From the first line to the last, reproduce the records exactly as they appear below.
:::::
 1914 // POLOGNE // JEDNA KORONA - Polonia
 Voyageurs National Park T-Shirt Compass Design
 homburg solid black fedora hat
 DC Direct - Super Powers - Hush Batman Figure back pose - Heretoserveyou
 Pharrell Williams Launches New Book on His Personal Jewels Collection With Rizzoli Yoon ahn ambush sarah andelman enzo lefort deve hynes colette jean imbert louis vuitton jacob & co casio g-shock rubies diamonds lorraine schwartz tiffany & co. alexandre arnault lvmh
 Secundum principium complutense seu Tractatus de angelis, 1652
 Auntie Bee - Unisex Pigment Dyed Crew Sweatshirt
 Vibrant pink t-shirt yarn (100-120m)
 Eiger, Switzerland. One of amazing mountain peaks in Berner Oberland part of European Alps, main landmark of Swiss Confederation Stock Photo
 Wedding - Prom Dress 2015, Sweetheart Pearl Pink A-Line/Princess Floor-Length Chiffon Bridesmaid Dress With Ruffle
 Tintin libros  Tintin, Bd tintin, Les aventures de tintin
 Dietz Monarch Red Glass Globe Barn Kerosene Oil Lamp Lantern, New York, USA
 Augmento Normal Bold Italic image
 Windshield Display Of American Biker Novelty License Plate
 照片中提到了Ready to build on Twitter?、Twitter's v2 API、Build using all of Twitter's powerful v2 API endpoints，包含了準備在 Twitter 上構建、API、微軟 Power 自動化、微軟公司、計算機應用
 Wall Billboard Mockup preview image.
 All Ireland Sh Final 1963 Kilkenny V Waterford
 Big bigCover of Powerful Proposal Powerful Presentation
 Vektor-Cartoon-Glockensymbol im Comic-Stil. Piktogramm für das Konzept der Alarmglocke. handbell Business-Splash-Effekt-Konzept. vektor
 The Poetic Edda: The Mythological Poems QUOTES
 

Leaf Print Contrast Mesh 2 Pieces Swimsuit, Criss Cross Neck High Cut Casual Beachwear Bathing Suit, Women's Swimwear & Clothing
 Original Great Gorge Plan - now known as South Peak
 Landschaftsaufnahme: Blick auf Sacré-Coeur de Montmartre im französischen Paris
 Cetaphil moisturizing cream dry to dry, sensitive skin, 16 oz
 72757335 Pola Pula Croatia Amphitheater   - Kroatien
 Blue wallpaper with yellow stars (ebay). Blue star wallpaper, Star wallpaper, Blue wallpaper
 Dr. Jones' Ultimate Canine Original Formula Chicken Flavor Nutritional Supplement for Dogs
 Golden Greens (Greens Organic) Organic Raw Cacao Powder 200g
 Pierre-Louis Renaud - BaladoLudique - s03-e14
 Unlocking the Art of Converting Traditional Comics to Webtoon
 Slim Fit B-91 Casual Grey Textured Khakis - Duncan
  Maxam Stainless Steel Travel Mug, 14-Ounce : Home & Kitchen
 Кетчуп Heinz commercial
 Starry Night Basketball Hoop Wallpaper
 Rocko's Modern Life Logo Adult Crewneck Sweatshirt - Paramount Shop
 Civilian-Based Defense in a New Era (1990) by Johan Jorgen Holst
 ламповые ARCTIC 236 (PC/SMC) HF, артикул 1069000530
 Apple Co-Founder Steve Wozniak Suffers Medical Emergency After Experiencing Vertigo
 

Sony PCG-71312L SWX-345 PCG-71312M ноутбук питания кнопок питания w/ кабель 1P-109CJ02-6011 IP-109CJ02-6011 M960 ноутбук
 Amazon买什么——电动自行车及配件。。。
:::::
Answer section:
 1914 // POLOGNE // JEDNA KORONA - Polonia
 Voyageurs National Park T-Shirt Compass Design
 homburg solid black fedora hat
 DC Direct - Super Powers - Hush Batman Figure back pose - Heretoserveyou
 Pharrell Williams Launches New Book on His Personal Jewels Collection With Rizzoli Yoon ahn ambush sarah andelman enzo lefort deve hynes colette jean imbert louis vuitton jacob & co casio g-shock rubies diamonds lorraine schwartz tiffany & co. alexandre arnault lvmh
 Secundum principium complutense seu Tractatus de angelis, 1652
 Auntie Bee - Unisex Pigment Dyed Crew Sweatshirt
 Vibrant pink t-shirt yarn (100-120m)
 Eiger, Switzerland. One of amazing mountain peaks in Berner Oberland part of European Alps, main landmark of Swiss Confederation Stock Photo
 Wedding - Prom Dress 2015, Sweetheart Pearl Pink A-Line/Princess Floor-Length Chiffon Bridesmaid Dress With Ruffle
 Tintin libros  Tintin, Bd tintin, Les aventures de tintin
 Dietz Monarch Red Glass Globe Barn Kerosene Oil Lamp Lantern, New York, USA
 Augmento Normal Bold Italic image
 Windshield Display Of American Biker Novelty License Plate
 照片中提到了Ready to build on Twitter?、Twitter's v2 API、Build using all of Twitter's powerful v2 API endpoints，包含了準備在 Twitter 上構建、API、微軟 Power 自動化、微軟公司、計算機應用
 Wall Billboard Mockup preview image.
 All Ireland Sh Final 1963 Kilkenny V Waterford
 Big bigCover of Powerful Proposal Powerful Presentation
 Vektor-Cartoon-Glockensymbol im Comic-Stil. Piktogramm für das Konzept der Alarmglocke. handbell Business-Splash-Effekt-Konzept. vektor
 The Poetic Edda: The Mythological Poems QUOTES
 

Leaf Print Contrast Mesh 2 Pieces Swimsuit, Criss Cross Neck High Cut Casual Beachwear Bathing Suit, Women's Swimwear & Clothing
 Original Great Gorge Plan - now known as South Peak
 Landschaftsaufnahme: Blick auf Sacré-Coeur de Montmartre im französischen Paris
 Cetaphil moisturizing cream dry to dry, sensitive skin, 16 oz
 72757335 Pola Pula Croatia Amphitheater   - Kroatien
 Blue wallpaper with yellow stars (ebay). Blue star wallpaper, Star wallpaper, Blue wallpaper
 Dr. Jones' Ultimate Canine Original Formula Chicken Flavor Nutritional Supplement for Dogs
 Golden Greens (Greens Organic) Organic Raw Cacao Powder 200g
 Pierre-Louis Renaud - BaladoLudique - s03-e14
 Unlocking the Art of Converting Traditional Comics to Webtoon
 Slim Fit B-91 Casual Grey Textured Khakis - Duncan
  Maxam Stainless Steel Travel Mug, 14-Ounce : Home & Kitchen
 Кетчуп Heinz commercial
 Starry Night Basketball Hoop Wallpaper
 Rocko's Modern Life Logo Adult Crewneck Sweatshirt - Paramount Shop
 Civilian-Based Defense in a New Era (1990) by Johan Jorgen Holst
 ламповые ARCTIC 236 (PC/SMC) HF, артикул 1069000530
 Apple Co-Founder Steve Wozniak Suffers Medical Emergency After Experiencing Vertigo
 

Sony PCG-71312L SWX-345 PCG-71312M ноутбук питания кнопок питания w/ кабель 1P-109CJ02-6011 IP-109CJ02-6011 M960 ноутбук
 Amazon买什么——电动自行车及配件。。。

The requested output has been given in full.